When I saw that this American film is set in London, I expected the title to refer to the wrong storey: in Britain, the second floor is TWO floors up (not one) from ground level. Amazingly, they got this right. But some other details are troubling: at one point, Withers speeds a car (with right-hand drive) through London, only to careen over a sand dune somewhere in the Home Provinces. (I defy anyone to find evidence of any sand dune anywhere in the Home Provinces within ten years of 1930.) Earlier in the film, Withers sees an advert in the London Times involving the 'phone number Central 2001. (That's an American 'phone exchange.) He walks into an American-style 'phone booth and asks the operator for Central 2200: a double error. Some of the insert shots of newspaper advertisements have been re-typeset (in the wrong font) for this restored print, due to that cock-up with the aperture plate.
Marion (Loretta Young) is visiting London with her aunt, where she begins a correspondence (via personal ads in the London Times) with Geoffrey (Grant Withers). This is the first movie I've ever seen with epistolary flashbacks. Geoffrey keeps writing letters to Marion, telling her tall stories about his involvement in a murder case, and then we see these incidents in flashback as Marion reads them. The last one features flashbacks within the flashback.
Don't try to figure out the story.
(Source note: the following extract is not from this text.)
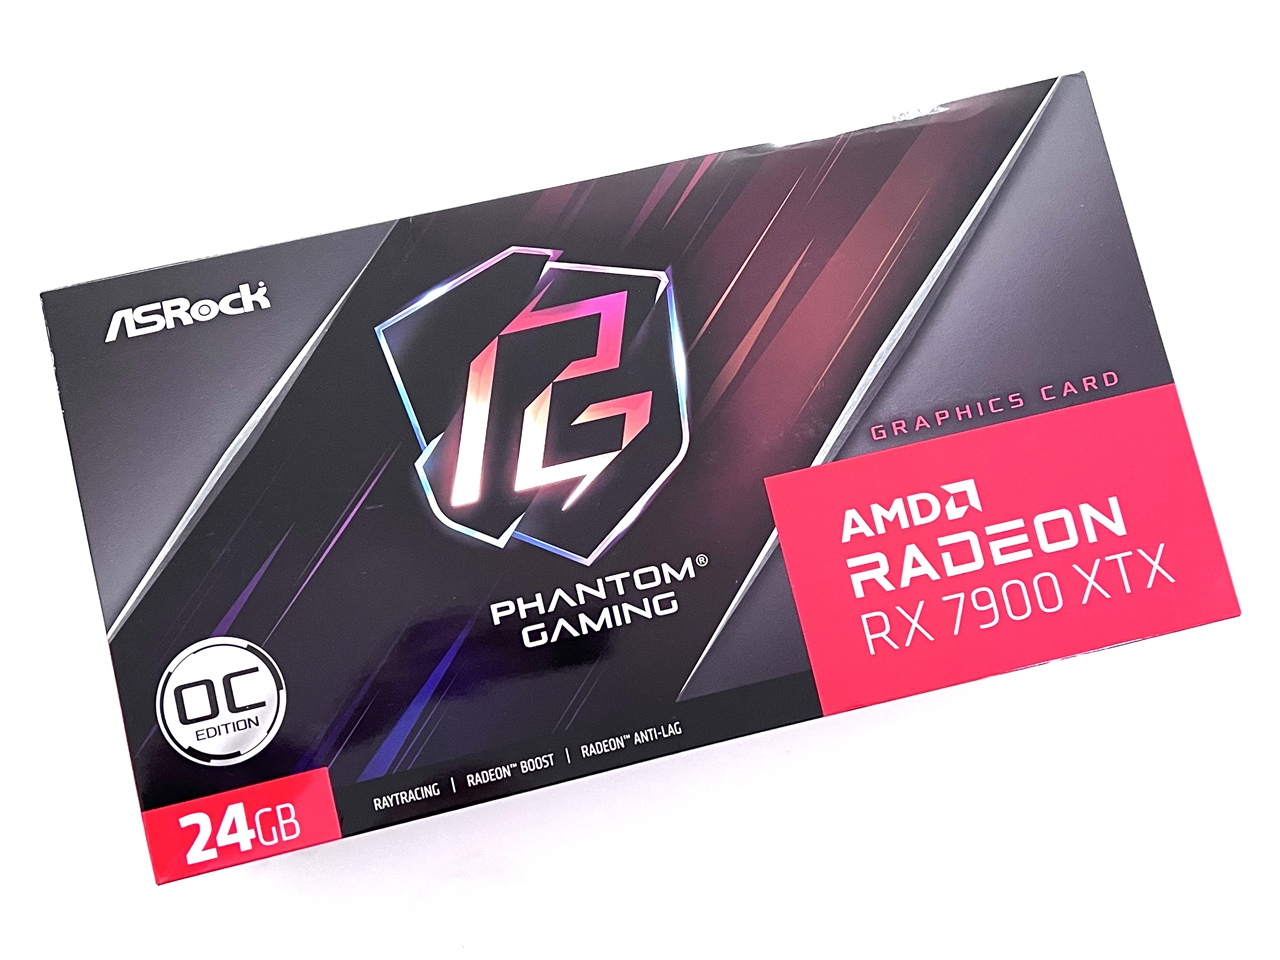 ASRock Phantom Gaming OC Radeon RX 7900 XTX 24 GB Video Card
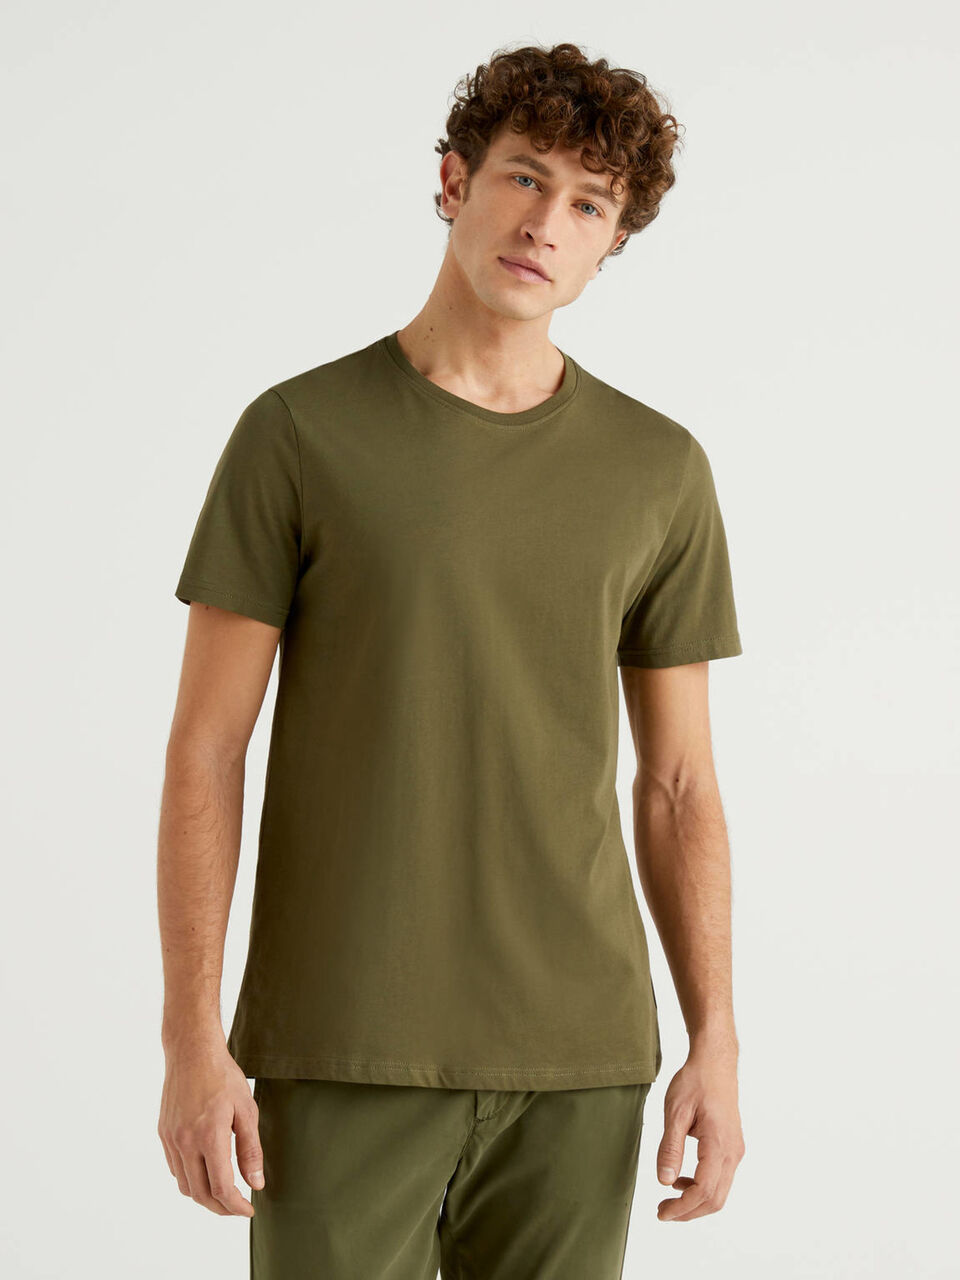 Customizable military green t-shirt

Geoffrey and his upstairs neighbour live in flats, but the huge interior sets (with their high ceilings) look more like they were filmed inside mansions. Scotland Yard apparently keep a private dungeon at someplace called Leeds Hall, which is a castle bigger than the entire Tower of London complex. The movie's soundtrack features some incredibly unconvincing thunder. One exterior sequence during a rainstorm is heavily undercranked, so the rain falls much too quickly. Claude King's role in this film is even more contrived and confusing than the role he played in 'London After Midnight'.
This movie was directed by Roy Del Ruth, a severely underrated director whose career is long overdue for reappraisal. I was impressed with a couple of tracking camera shots, very rare for early sound films because of the unwieldy soundproof 'blimp' that had to surround the camera and its operators. 'The Second Floor Mystery' makes no sense at all, and has an (implausible) ending that worked better in 'Seven Footprints to Satan', but it's hugely enjoyable and is an interesting example of film-making from the early talkies era when the technical aspects were still being worked out. This film is hardly a classic, but I'm pleased to welcome it back from the lost, and I'll rate this movie 7 out of 10.